Verghese: I have to confess that — like many physicians listening to this, I suspect — I got the antibody test and it came back negative, and I realized I had no idea what they were testing. There was no way to do anything with the information. I sheepishly talked to a few colleagues only to find that many of them had done the same thing, and 50% or so had the same awkward realization that they had no protection. But we don’t know what we were measuring. We don’t know that it mattered. And ultimately, we all concluded that in the absence of standardization, we just needed to ignore this. The bottom line is we shouldn’t have done the test.

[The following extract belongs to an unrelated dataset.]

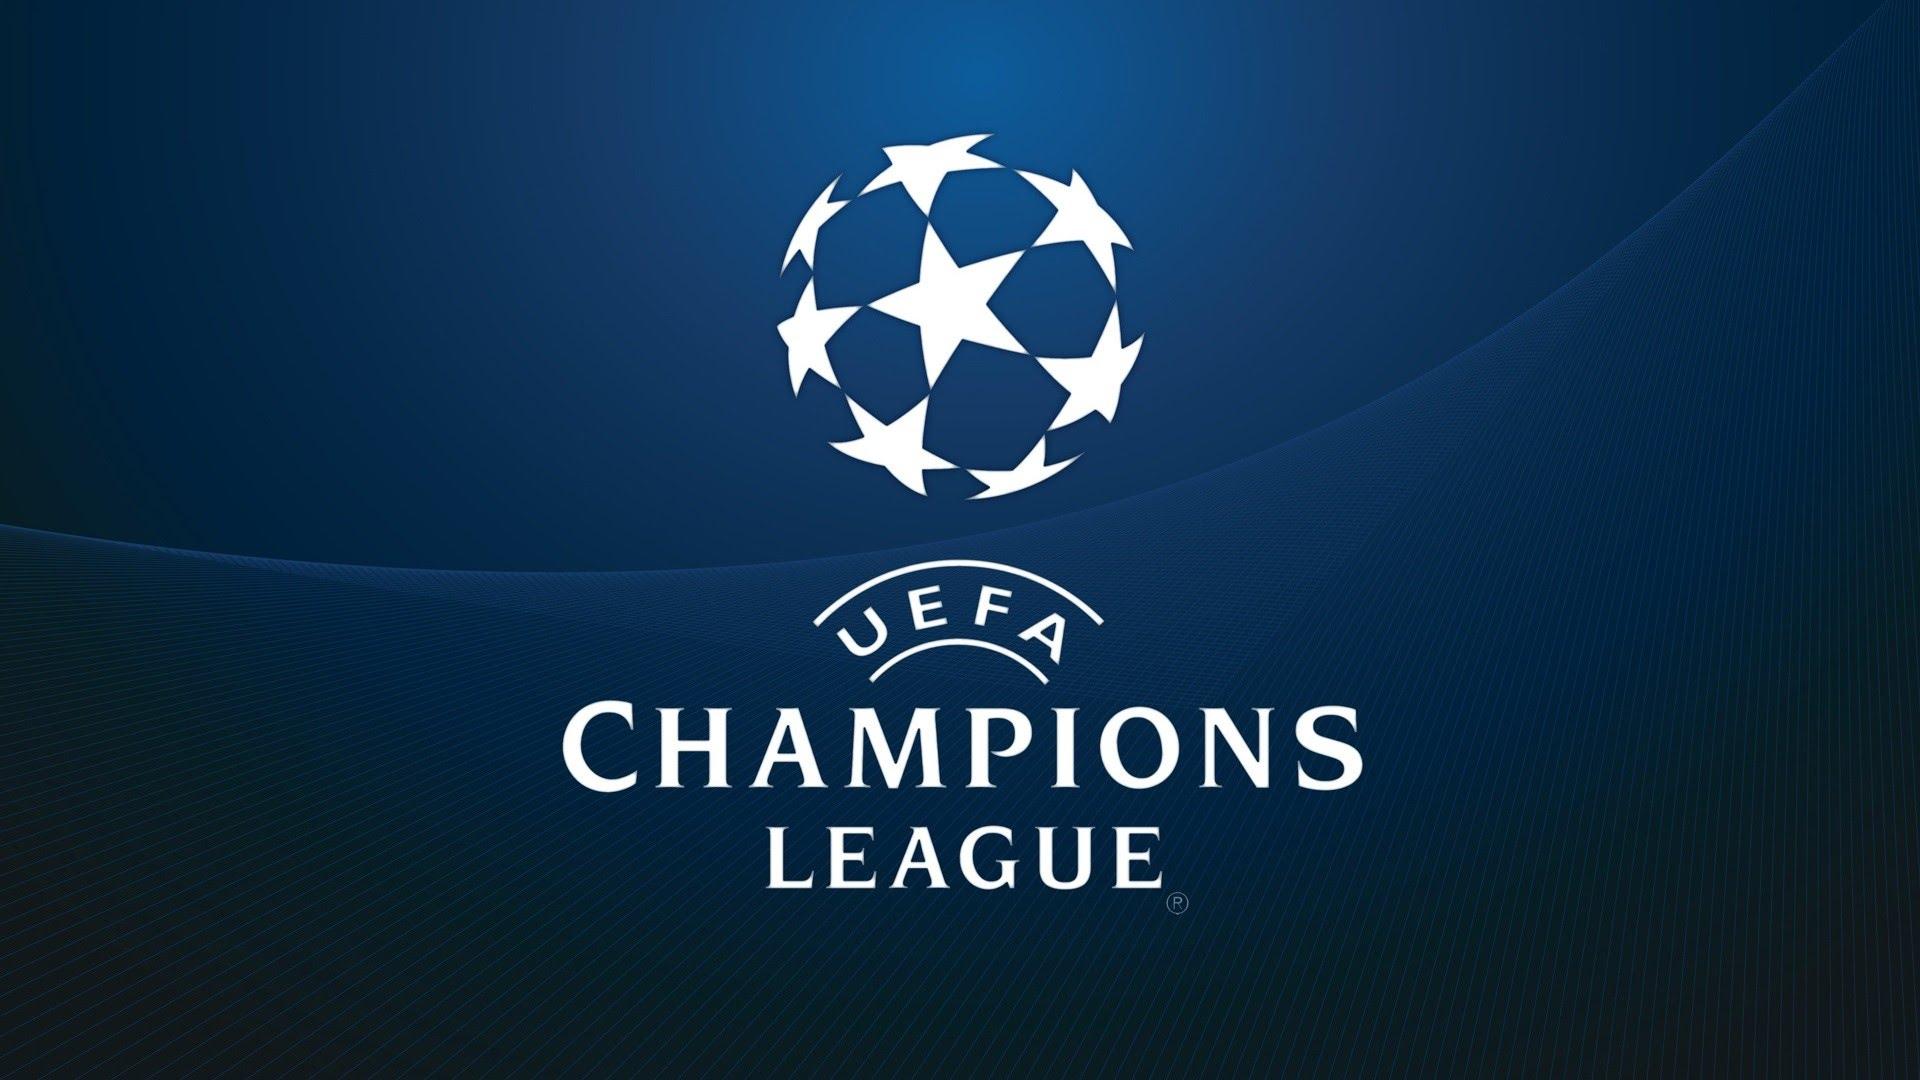 Jadwal Liga Champions: Jadwal Final Liga Champions 2015/2016

Krammer: Once the vaccine started to be rolled out, I got a lot of emails from people who had gotten tested and were negative after vaccination, and in 100% of cases, it turned out that they had done nuclear protein tests. So they were upset that they didn’t make a response. But then it turned out that they were just measuring the wrong antibody response.

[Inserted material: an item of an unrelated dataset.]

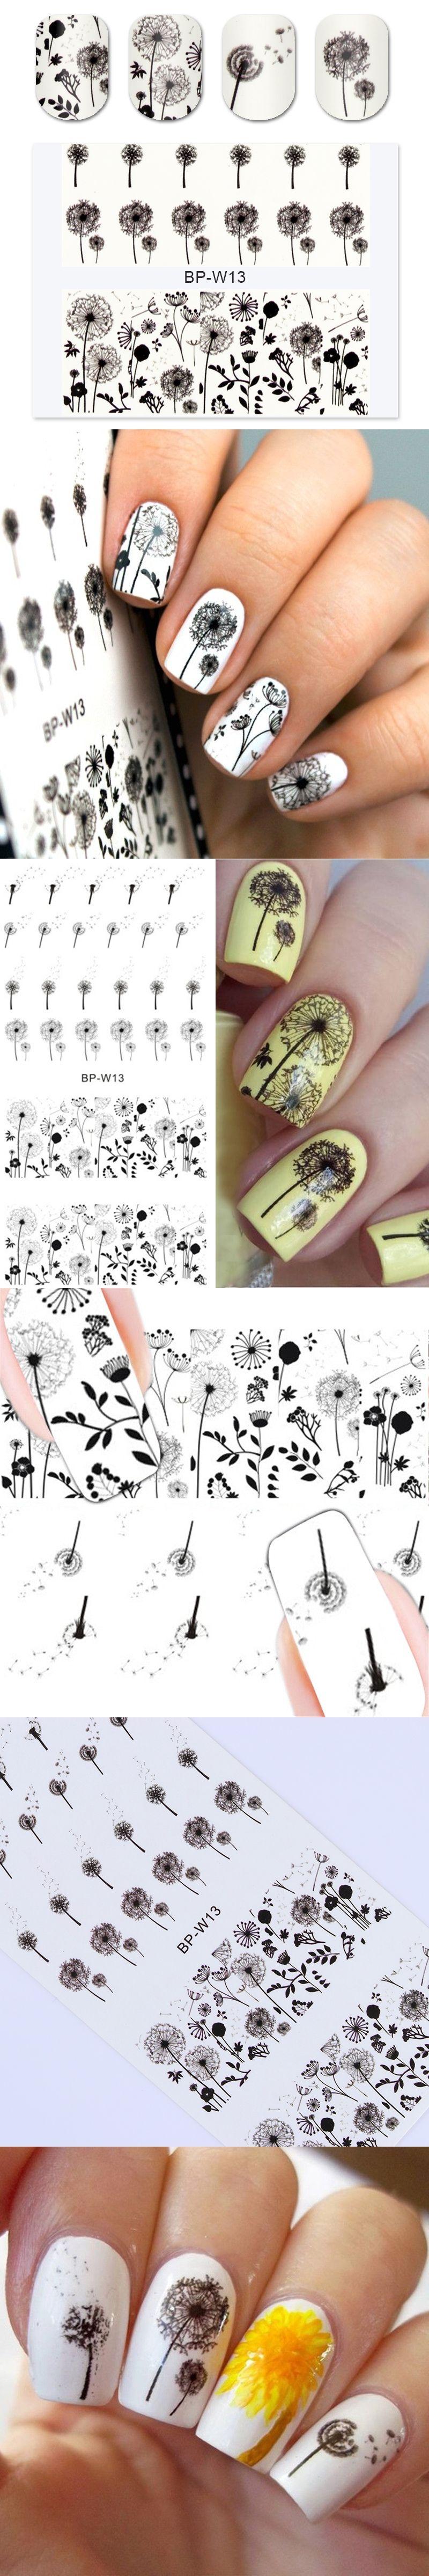 BORN PRETTY Flying Dandelion Nail Art Water Decals 2 Patterns ...

Topol: And you have published how virtually everyone who gets vaccinated has at least some antibody response, even among people who are immunocompromised, although perhaps not as high a level.
Should Prior COVID Be Counted as a Vaccine Dose?

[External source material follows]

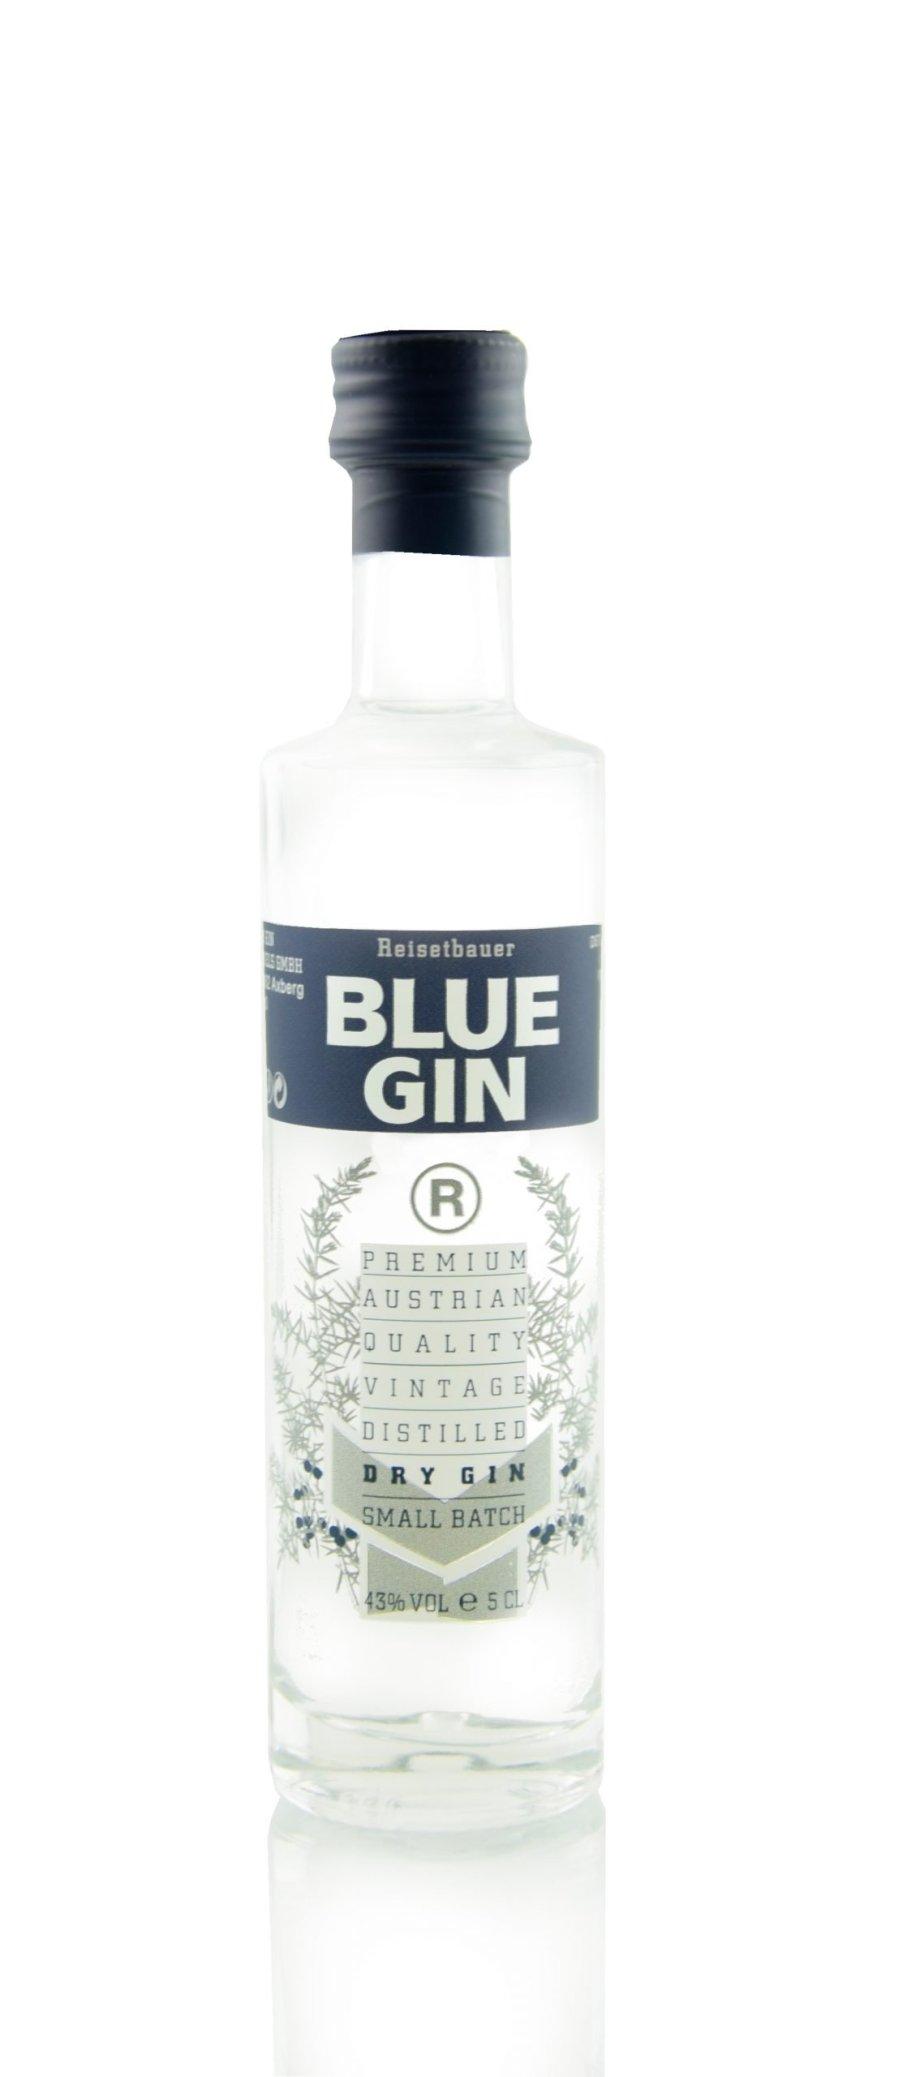 Macherei Blue Gin

Topol: Prior COVID doesn’t get much respect. If you get a vaccine card, there’s no entry for prior COVID. Do you think that should count as one dose? In many other countries, perhaps in Austria, but in certain countries in Europe and Asia, confirmed prior COVID is counted as one dose of vaccine in terms of your vaccine status. What are your thoughts about that?
Krammer: Absolutely. There is a nice preprint out there in which they assessed vaccine effectiveness against Delta with AstraZeneca, Moderna, and Pfizer-BioNTech vaccines. But they also looked at prior infection, and prior infection is pretty much as good as what they see with the vaccines, in the range of 70%-80% protection against reinfection with the Delta variant. So just to assume that somebody who had an infection has no protection is wrong. Those people have substantial protection. They have variability in their response. Some might get reinfected and are less protected than others, but they certainly have a degree of protection. You might not want to consider them fully vaccinated; you can argue about that, but at least a one-dose equivalence from a scientific perspective is justified.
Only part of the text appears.